The form had been filled out by Thompson, and according to Flesher, she had even signed the cheque covering the $650 application fee.

Flesher says she told the branch manager, Nancy Sandoy, that the application was outside the timeframe. Sandoy said the application should be processed, but said she would make a call, Flesher says. According to Flesher, about a week later Mai Malaulau, the Pacific division director based in Wellington, appeared in the office, brought the file to her desk and said: "Put it in the system, there are slots available in the grid."

Flesher did, but when she was later asked to sign off on the application, she refused, and gave a copy of the file to an office auditor. The matter was then forwarded to Labour Department chiefs and an inquiry ordered.

The family had their residency permits issued in March 2006. They had earlier been granted residency in principle, but had forgotten to sign some forms. When the signed forms arrived back in Manukau, they were accompanied by a handwritten note by Thompson.

Justice secretary David Oughton launched an investigation, interviewing Thompson, Malaulau, Sandoy, Flesher and two other staff members.

A heavily censored copy of Oughton's report, with all the names blanked out, was released to media after One News broke the story last month.

An official, who the Sunday Star-Times understands is Sandoy, admits that she directed the application be processed, but did not have the valid authority to do so. She told Oughton she "was not aware of the significance of the closing date for applications... and did not appreciate the effect of not processing applications in date order of receipt where numerical quotas apply."

Flesher says Sandoy lost her immigration warrant for a couple of months but kept her job. Malaulau denied to Oughton that she instructed the application be processed, and Oughton has taken her at her word.

Thompson admitted to Oughton that her signature on the forms "could be construed as having influenced staff at the Manukau branch to treat the application other than strictly on its merits".

However, Oughton clears her in his report, stating "I am satisfied the deputy secretary, after assisting the applicant to complete the form... did not in any way become involved or attempt to influence the treatment of the application".

The matter would probably have never come to light, if not for One News, which was tipped off and fought for documents, including Thompson's emails, under the Official Information Act.

Flesher believes there was a deliberate attempt to hush the case up, and she was not allowed a copy of Oughton's report.

Thompson and her colleagues are now under investigation again, this time by the States Services Commission, but her connections have already caused a snag State Services Commissioner Mark Prebble is an old colleague from the prime minister's office. National's Lockwood Smith wants him to stand aside Prebble says he will delegate the inquiry to staff but report it to ministers himself.

In the meantime, Thompson's charmed life continues.

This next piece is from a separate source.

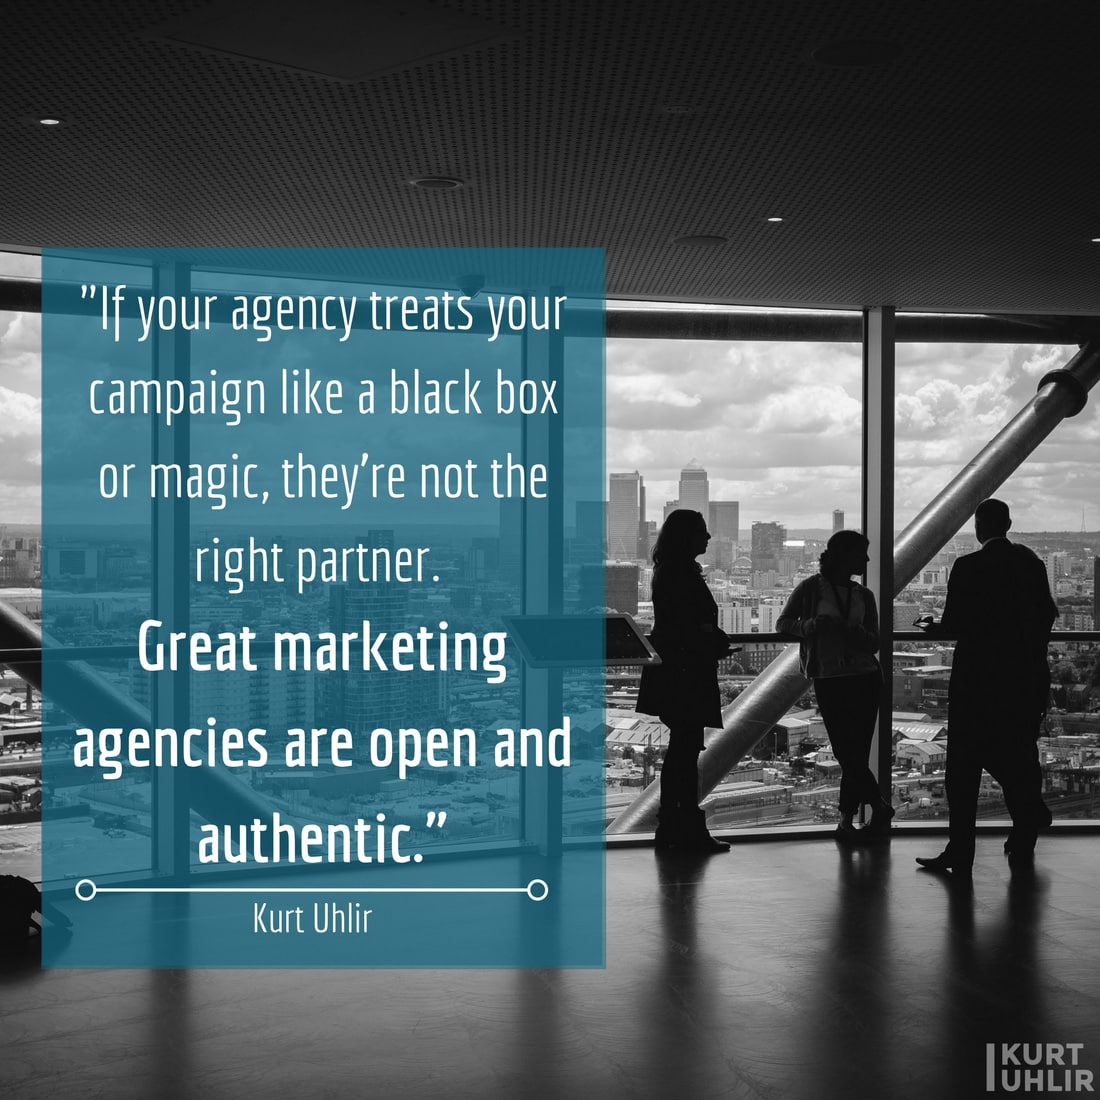 If your agency treats your campaign like a black box or magic, they're not the right partner. Great marketing agencies are open and authentic. - Kurt Uhlir quote on marketing agencies

"I can't believe she's kept her job," Flesher says. "If it had been a staff member like myself, I would have been down the road."

The story so far

October 2004: Mary Anne Thompson appointed boss of Immigration Service. December 2004: Thompson emails officials in Fiji, asking for "assistance" in getting family in Kiribati to New Zealand. April 2005: Thompson emails officials again, asking for help with other family members.

November 2005: One family, having never left despite entering on visitor's visa, apply for residency. Thompson fills out the form and pays the fee.

March 2006: Family granted New Zealand residency ahead of other applicants, despite their application arriving too late.

July 2007: Justice secretary David Oughton provides report to Thompson's boss, titled Review of Apparently Unlawful Immigration Decision, clearing her of attempting to influence the decision.

April, 2008: One News breaks details of the case, new inquiry ordered.